Due on canvas Nov 6th @ midnight

The grading rubric.

Some good examples from a previous year: example 1 example 2 example 3

The American Community Survey(ACS), is a large survey undertaken by the US Census Bureau in the years between decennial censuses. For this analysis project, you are given a subset of Public Use Micro Data sample for Oregon from 2013 that corresponds to households that contain opposite gender married couples (you may assume this is a simple random sample of such households in Oregon).

To get the data, with one row per household:

acs <- read.csv(url("http://stat511.cwick.co.nz/homeworks/acs_or.csv"))

You may find some steps easier with a reshaped dataset, that has one row for each person:

acs2 <- read.csv(url("http://stat511.cwick.co.nz/homeworks/acs_or2.csv"))

The variables I am providing are a subset of those available. You can find a summary of them below.

Your task is to use the tools we have covered so far to answer the following questions:

  • In households with no children, do husbands tend to be older than their wives? By how much?
  • Do households in houses built in the 1960s or earlier spend more on electricity, than those built in the 1970s or later? By how much? For this question, you’ll need to add a column to designate whether which category the house falls in: acs$old_house <- ifelse(acs$decade_built <= 1960, "1960's or earlier", "1970's or later")
  • (ST511 only) One other question, of your choosing, you could answer using this data and the tools we have learnt so far. You may subset as appropriate to answer your question.

Your report should include the following sections:

  • Introduction Give a brief overview of the data, a little bit of background and the questions of interest. Keep this concise, understandable to someone outside of this class, free of statistical jargon and to the point. You should provide a summary graphic of the data involved and some basic summary statistics.

  • Methods Describe your reasoning for the procedures you have chosen to answer the questions. State the assumptions of the procedures, and show or describe why you think they are reasonable assumptions in this case (or why the test might be robust to violations of the assumptions).
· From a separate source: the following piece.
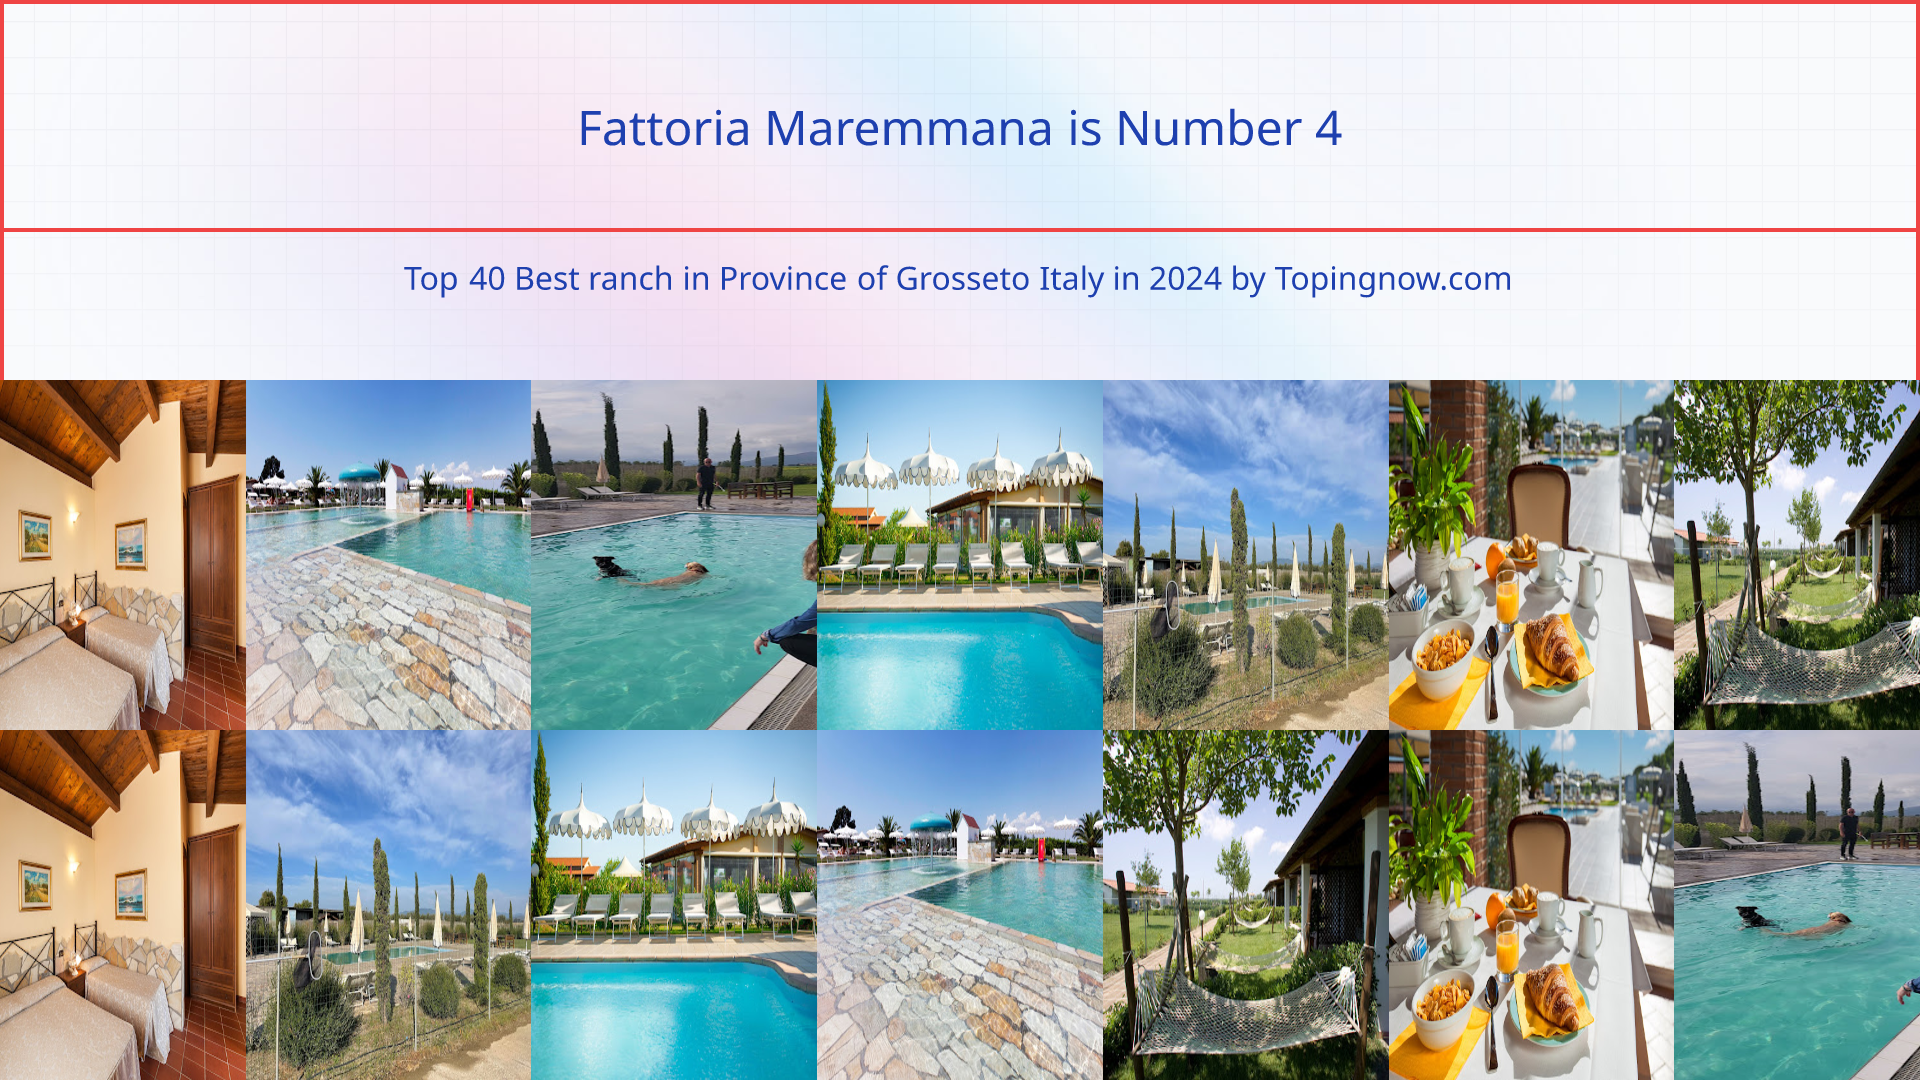 Fattoria Maremmana: Top 40 Best ranch in Province of Grosseto Italy in 2024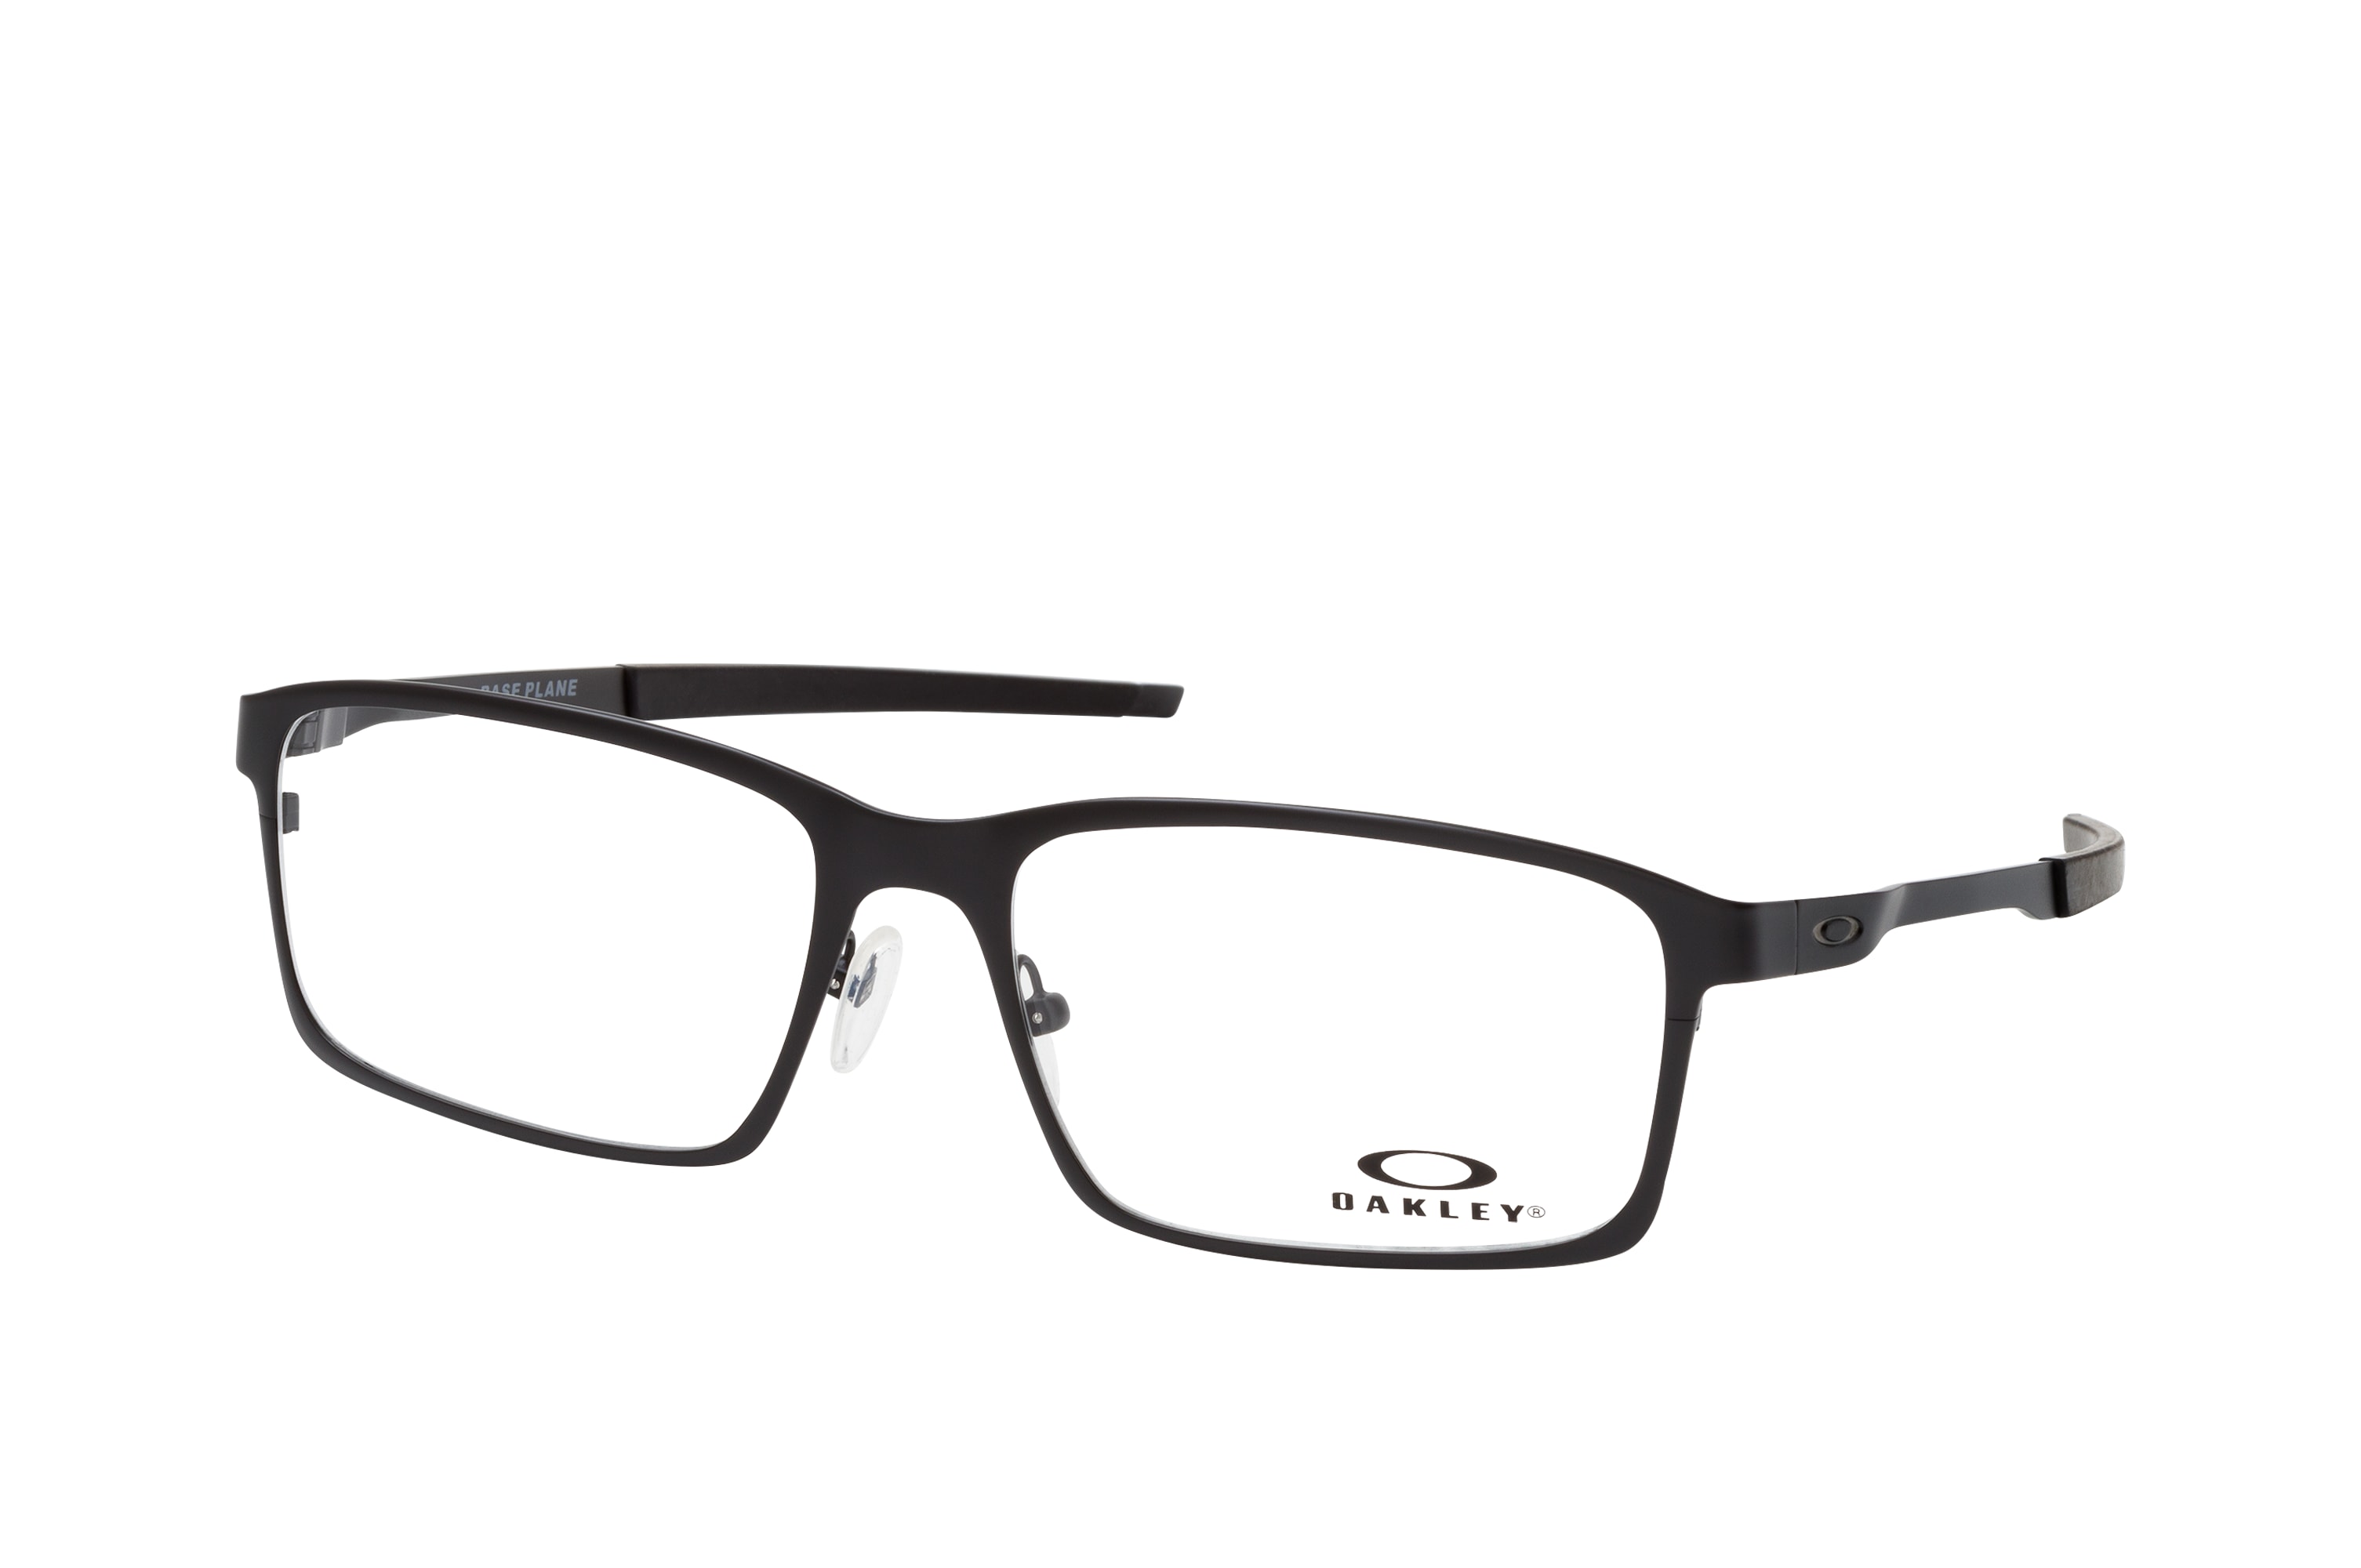 Buy Oakley BASE PLANE OX 3232 01 Glasses

Explain any changes, transformations or other modifications you make to the data.

  • Summary Provide a brief non-technical summary of your findings that answers the questions of interest (like the statistical summaries we have been writing). Make sure you include some indication of the scope of inference (Can population inference be made? To what population? Can causal inference be made?)

Variables

acs_or

column name Variable
household A unique ID number for each household
age_husband Age in years of the husband
age_wife Age in years of the husband
income_husband Total annual income of the husband, can include wages, retirement, interest, social security, self employment income.
income_wife Total annual income of the wife, as above
bedrooms Number of bedrooms in the home
electricity Monthly cost of electricity
gas Monthly cost of gas
number_children The number of children in the home
internet Does the home have internet access?
mode The way the household took the survey
own Do the residents own with or without a mortgage or rent?
language The primary language spoken in the home
decade_built The decade the home was built

acs_or2

column name Variable
household A unique ID number for each household
person wife or husband in this household
age Age in years of person
income Total annual income of person, can include wages, retirement, interest, social security, self employment income.
bedrooms Number of bedrooms in the home
electricity Monthly cost of electricity
gas Monthly cost of gas
number_children The number of children in the home
internet Does the home have internet access?
mode The way the household took the survey
own Do the residents own with or without a mortgage or rent?
language The primary language spoken in the home
decade_built The decade the home was built